# Mill Vice Alignment



## Brian Rupnow (Oct 3, 2009)

One of the things that has always made me a bit crazy is making sure that my milling vice is set up with its jaws perfectly parallel to the travel of the mill table. Even though I have keyed the bottom of the vice to fit into the T slots in the mil table, there is still enough "play" to allow a total runout of about 0.025" over the 11 inch travel of my milling table. Today I decided I was going to come up with a way to set things up easier. I took a good look at my craftex mill and discovered a couple of M5 tapped holes in the head just between the quill downfeed handle and the side of the head. I found a peice of 2" square Bosch aluminum extrusion x about 12" long that I could clamp in my milling vice. I drilled a couple of clearance holes in a peice of 1/2" x 3/8" aluminum bar x10" long to correspond with the tapped holes in the head of the mill. Then I bolted a peice of 1/2" x 3/4" aluminum bar to this vertical peice (it has red layout dye on it in the picture) and drilled a 3/8" hole though it to hold my dial indicator. I drilled and tapped a hole at the end for a #10-24 socket head cap screw and put a sawcut from the end of this horizontal peice thru to the 3/8" hole to let me clamp the shank of the dial indicator. Now I can set it up as shown in the picture, with about 3/4" of the extrusion sticking up above the top of the vice to provide a nice smooth flat surface for the end of the dial indicator to run on. By cranking the mill table back and forth over its full 11" of travel, I can quickly verify that the vice jaws are parallel to the mill table travel, and make any adjustments I need to the vice. When not in use I remove the two M5 bolts and hang my set-up tool on the wall behind the mill. this could have been done with a magnetic base and stand, but on my little Craftex mill there is nowhere on the head to stick the magnetic base.---Brian


----------



## Deanofid (Oct 3, 2009)

Brian, do you suppose that extruded aluminum is really flat, or does it have machined surfaces? Can't tell for sure from the pic.


----------



## Brian Rupnow (Oct 4, 2009)

I know its flat. I indicated the vice to be exactly parallel, then reversed the extrusion end for end in the vice and checked again over the full length and the indicator never moved.


----------



## lathe nut (Oct 4, 2009)

Thanks Brian, that is a neat way to do it, going to do that on my Mini Mill, Lathe Nut


----------



## Omnimill (Nov 1, 2009)

I was taught to set up the vice by mounting a DTI (lever type) in a collet in the chuck.

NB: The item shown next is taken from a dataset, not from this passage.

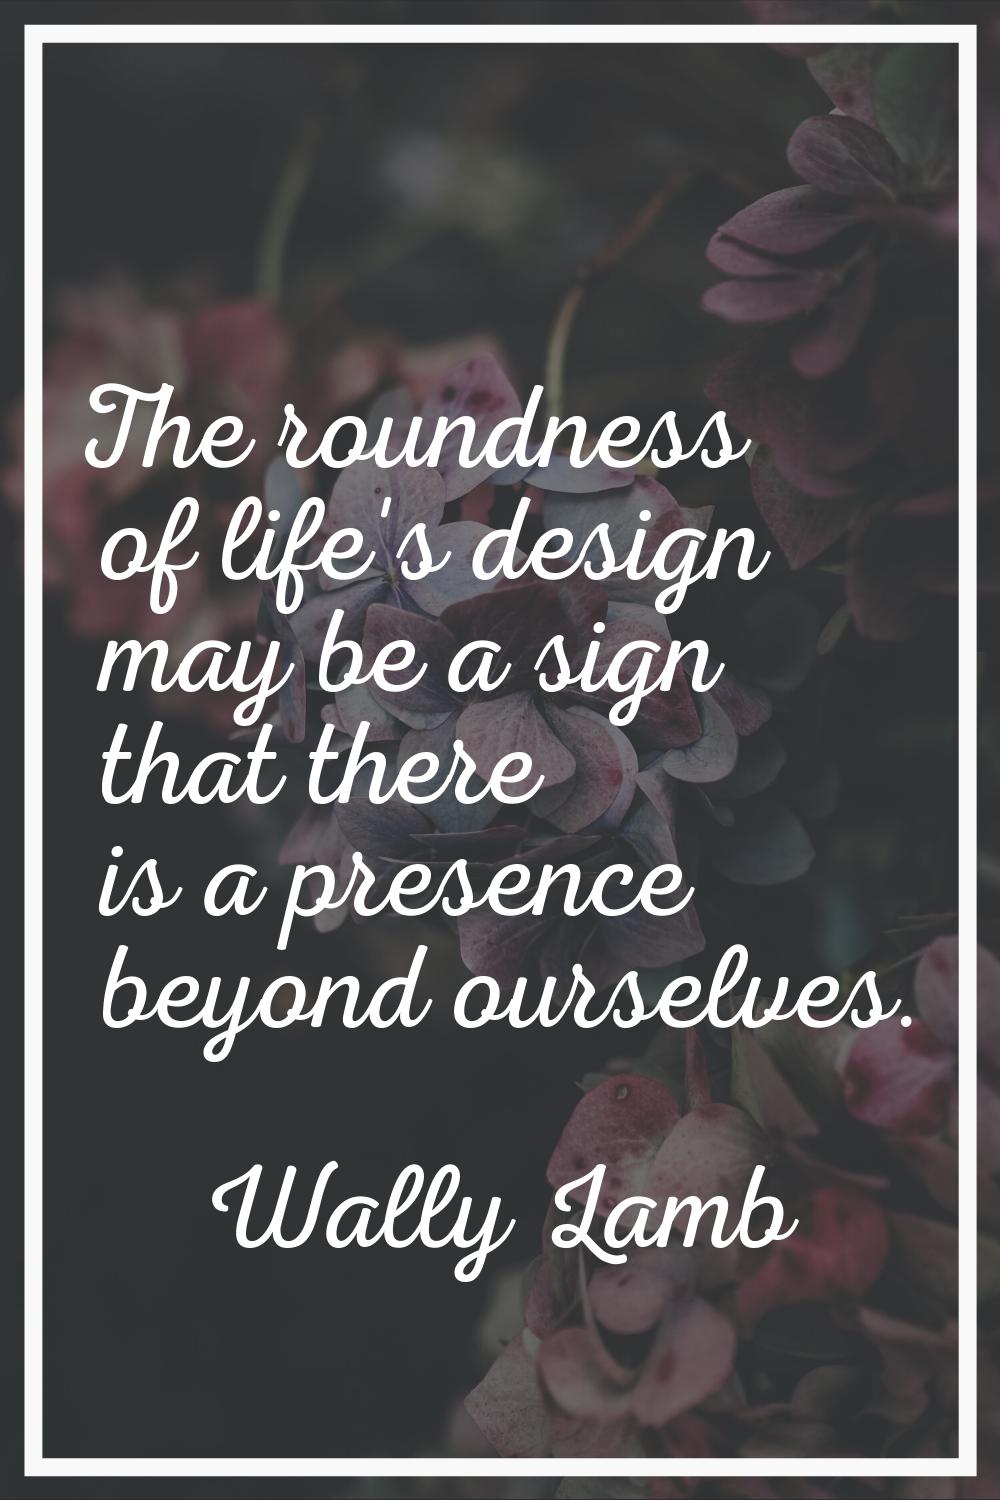 The roundness of life's design may be a sign that there is a presence beyond ourselves.

The vice has a parallel firmly mounted in the vice jaws as the bearing surface. This setup is very rigid so you can achieve a zero error.

Vic.


----------



## Omnimill (Nov 6, 2009)

Third pic (animation) down, shows how it's done.

http://www.finelinehair.com/home/RF_mill_accessories.htm

Vic.


----------



## itowbig (Nov 6, 2009)

vic that was good reading there for and the pics too thank u.


----------



## Omnimill (Nov 7, 2009)

It's a pretty good website Sid with some good tips.

Vic.


----------



## Kermit (Nov 7, 2009)

I guess I'm missing the true function of this jig.

How can using the side of the head casting assure the travel is parallel with the spindle?

Is this done after the head is aligned perfectly upright?  ???


Newbie strikes again,
Kermit


----------



## Kermit (Nov 7, 2009)

I've come back to this topic a dozen times today...

Plenty of people are reading it based on the view count that keeps rising and rising.

I'm tired of logging in and coming back to check this topic for an answer. I would post the question as a seperate topic on its own, but it occured to me while I was looking at Brians setup so I asked it here instead.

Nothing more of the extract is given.